LRU Cache

描述

Design and implement a data structure for Least Recently Used (LRU) cache. It should support the following operations: get and set.

get(key) - Get the value (will always be positive) of the key if the key exists in the cache, otherwise return -1.

set(key, value) - Set or insert the value if the key is not already present.
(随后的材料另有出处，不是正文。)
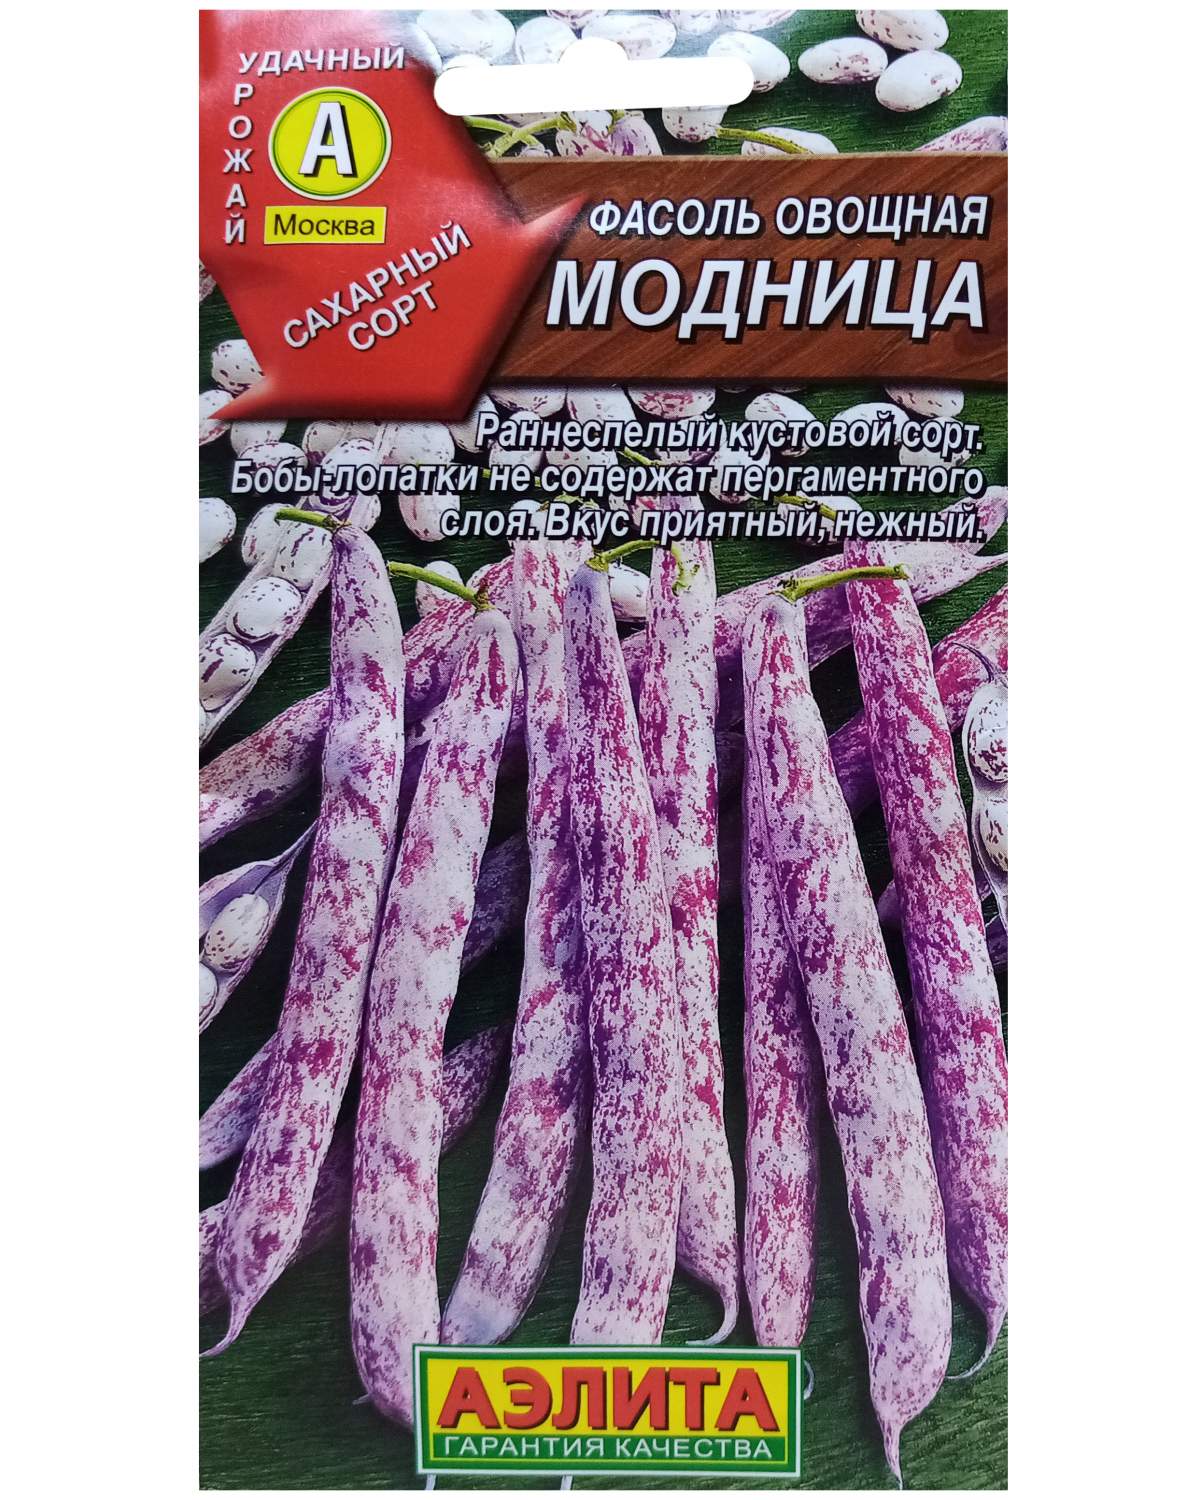 Семена фасоль Аэлита Модница 1 уп. - купить в Москве, цены на Мегамаркет

When the cache reached its capacity, it should invalidate the least recently used item before inserting a new item.

分析

为了使查找、插入和删除都有较高的性能，这题的关键是要使用一个双向链表和一个 HashMap，因为：

• HashMap 保存每个节点的地址，可以基本保证在O(1)时间内查找节点
• 双向链表能后在O(1)时间内添加和删除节点，单链表则不行

具体实现细节：

• 越靠近链表头部，表示节点上次访问距离现在时间最短，尾部的节点表示最近访问最少
• 访问节点时，如果节点存在，把该节点交换到链表头部，同时更新 hash 表中该节点的地址
• 插入节点时，如果 cache 的 size 达到了上限 capacity，则删除尾部节点，同时要在 hash 表中删除对应的项；新节点插入链表头部

代码

C++的std::list 就是个双向链表，且它有个 splice()方法，O(1)时间，非常好用。

Java 中也有双向链表LinkedList, 但是 LinkedList 封装的太深，没有能在O(1)时间内删除中间某个元素的 API(C++的list有个splice(), O(1), 所以本题 C++可以放心使用splice())，于是我们只能自己实现一个双向链表。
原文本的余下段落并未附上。